--- START ---

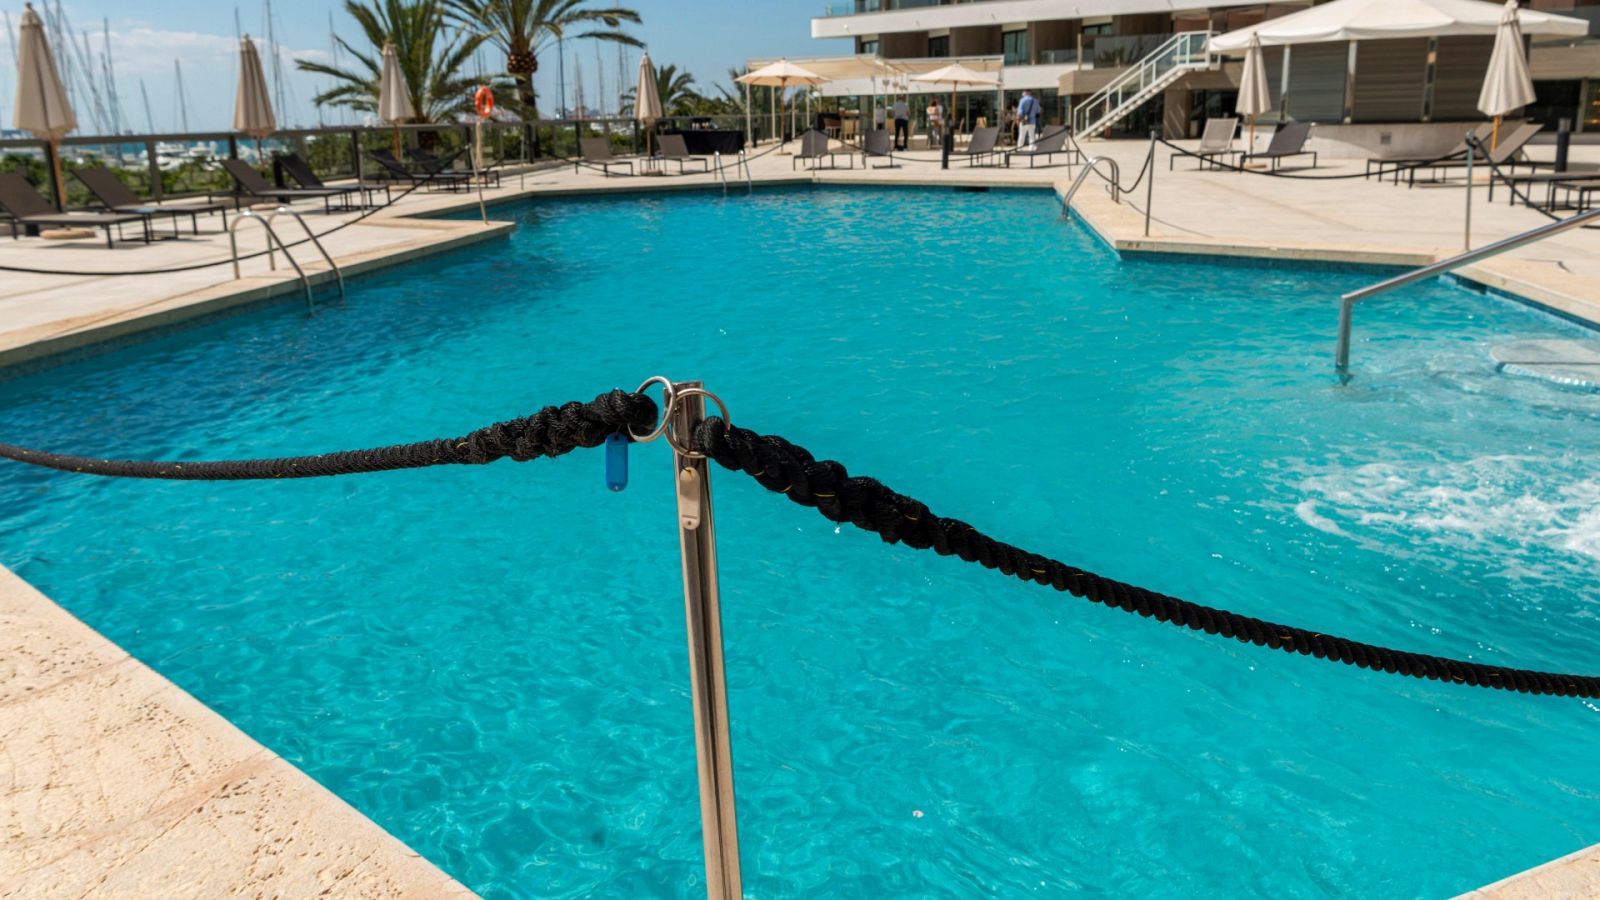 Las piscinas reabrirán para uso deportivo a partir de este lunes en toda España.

--- END ---
--- START ---

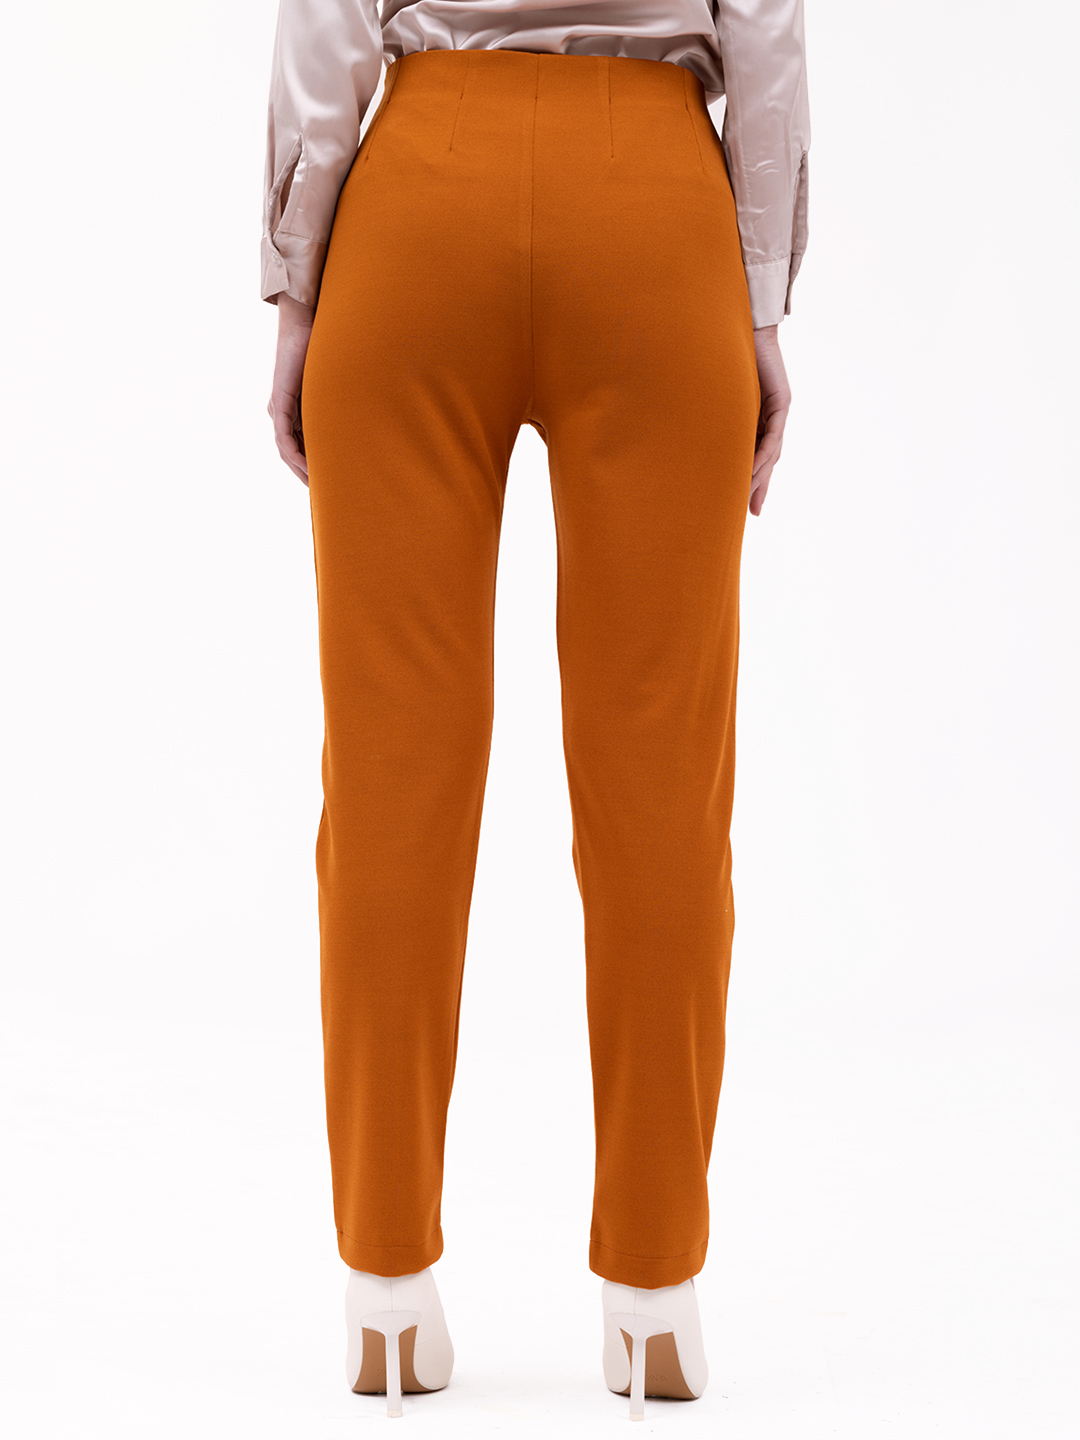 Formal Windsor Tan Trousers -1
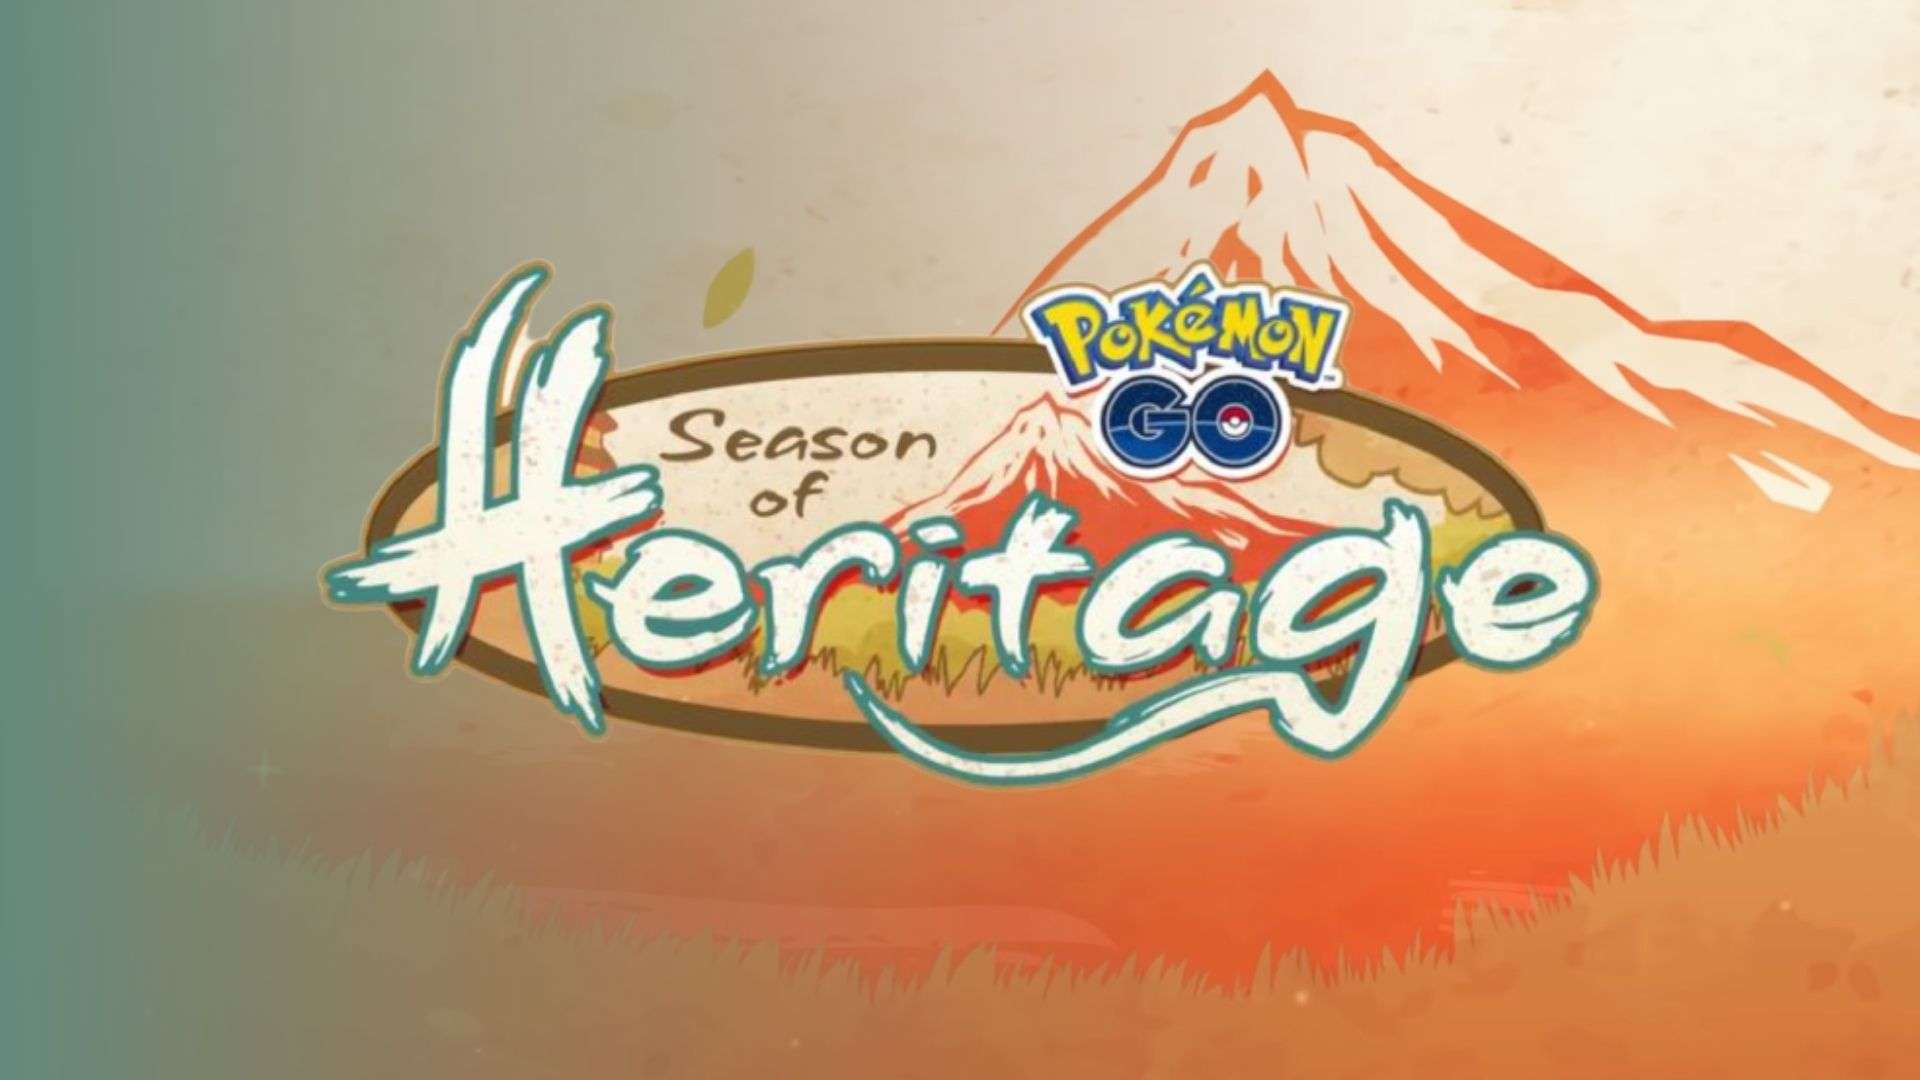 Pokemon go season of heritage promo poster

--- END ---

**Exercise objective**
With the pictures omitted, copy exactly the lines of the listing above starting at the line containing "Formal Windsor Tan Trousers -1" and ending at the line containing "Pokemon go season of heritage promo poster", both included.

**Answer to the exercise**
 Formal Windsor Tan Trousers -1
 Pokemon go season of heritage promo poster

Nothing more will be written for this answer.